Preferably, the second heat-insulating elements have a density whose upper value is 150 kg / m ³ , preferably 130 kg / m ³ , particularly preferably 100 kg / m ³ , and its lower value is 50 kg / m ³ , preferably 60 kg / m ³ , particularly preferably 70 kg / m ³ , the first heat-insulating elements having a density whose upper value is 90 kg / m ³ , preferably 70 kg / m ³ , particularly preferably 60 kg / m ³ and its lower value is 20 kg / m ³ , preferably 30 kg / m ³ , particularly preferably 35 kg / m ³ . The different densities of the first and second heat-insulating elements imply that with relatively small weights and thicknesses of the heat-insulating elements, very high insulating values can be achieved. The density of the second heat-insulating panels is high enough so that they can be attached to the mounting surface with nails and so that the nails do not spontaneously leave the second heat-insulating elements.

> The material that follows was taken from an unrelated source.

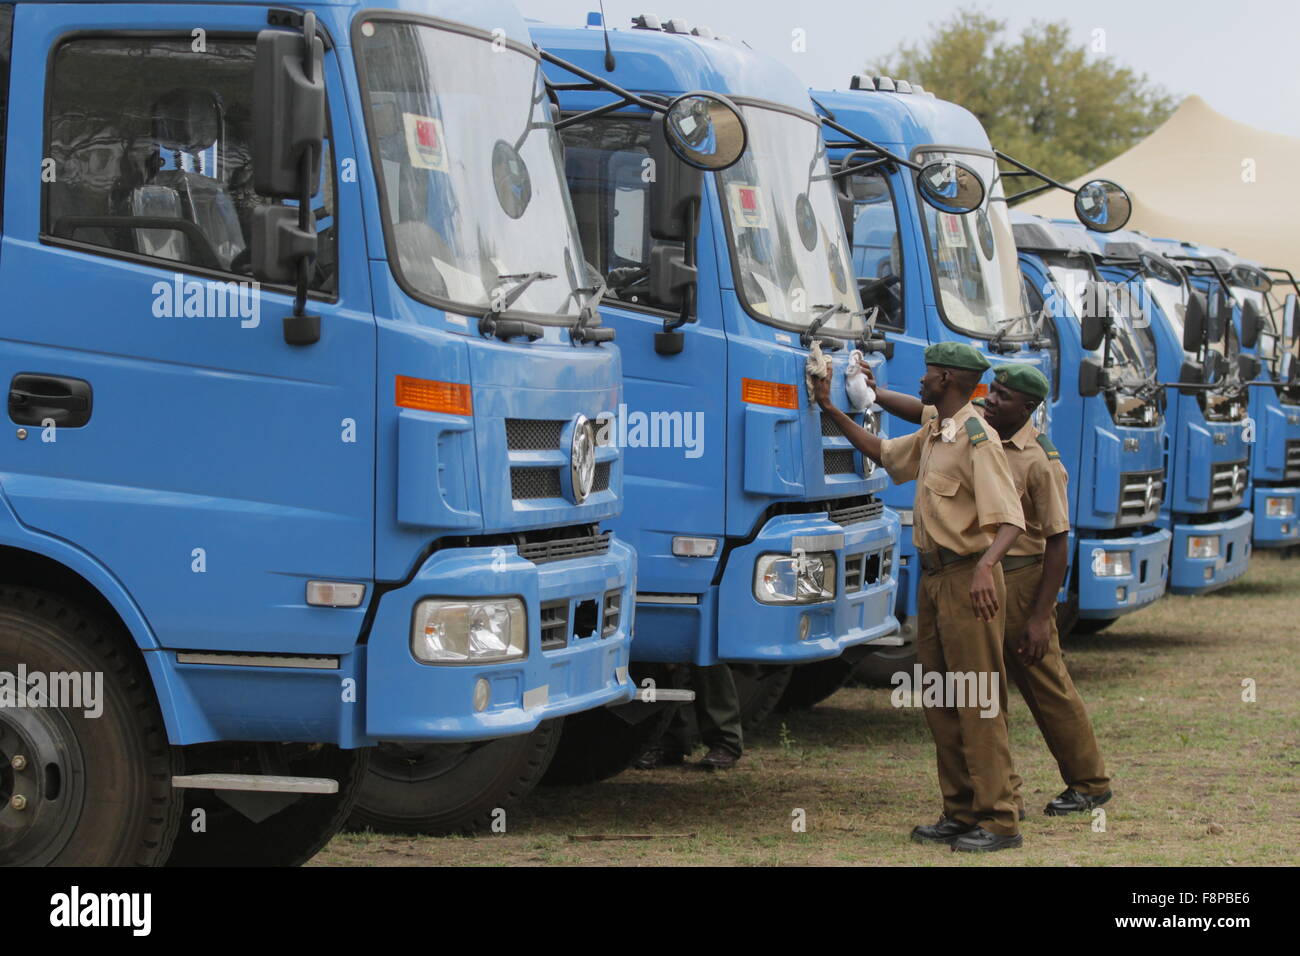 Hwange, Zimbabwe. 10th Dec, 2015. Officers of Zimbabwe National Parks and Wildlife Management Authority clean vehicles donated by China in Hwange National Park, Zimbabwe, Dec. 10, 2015. China on Thursday handed over vehicles and equipment to Zimbabwe to help the cash-strapped government fight against wildlife poaching, implementing a wildlife protection cooperation agreement signed during Chinese President Xi Jinping's visit to Harare last week. Credit:  Xu Lingui/Xinhua/Alamy Live News Stock Photo

The protective layer can preferably be applied directly to the free surface of the second heat-insulating elements, while the protective layer contains a reinforcing layer. In the heat-insulating composite system, the protective layer provides the necessary protection against rain, moisture and mechanical stress, and therefore is necessary in the facade design according to the invention. As a reinforcing element, a reinforcing mesh is laid in the plaster.

In a further particularly preferred embodiment, the second heat-insulating elements are fastened with nails to the mounting plates. The second heat-insulating elements have sufficient rigidity or density, so that the nails do not spontaneously come out and the second heat-insulating elements are firmly held on the mounting plates. Since the mounting plates together form a closed mounting surface, the nails can clog into the second heat-insulating elements independently at any preferred points, fastening them to the mounting plates. The nails are preferably hammered (“fired”) with a nail gun, so that the second heat-insulating panels can be fastened especially quickly.

As already described above, preferably the mounting plates can also be attached to the holding beams using nails, preferably using a ballistic design of the nail head, from a nail gun. The façade construction can thus be assembled particularly quickly and easily with a nail gun. Nails have grooves to better hold in the holding beams.

An additional aspect of the invention relates to a method for assembling a facade structure described above. Preferably, the facade structure can be assembled particularly quickly. The holding device can quickly adjust to the thickness of the first heat-insulating elements, since the holding beams can be mounted with the possibility of adjustment in the grooves of the second ends of the distance elements. The mounting plates “shoot” to the support beams, and the second heat-insulating elements to the mounting plates. In the context of the present application, “shooting support” is to be understood as nailing a product with a nail gun.

Additional advantages and features will become apparent from the following description of an example embodiment of the invention with reference to the schematic drawings. In the drawings, which are not to scale:

in FIG. 1 shows a perspective view of a facade structure according to the invention,

in FIG. 2 shows a side view of the facade structure shown in FIG. one,

in FIG. 3 shows a top view of the facade structure shown in FIG. one.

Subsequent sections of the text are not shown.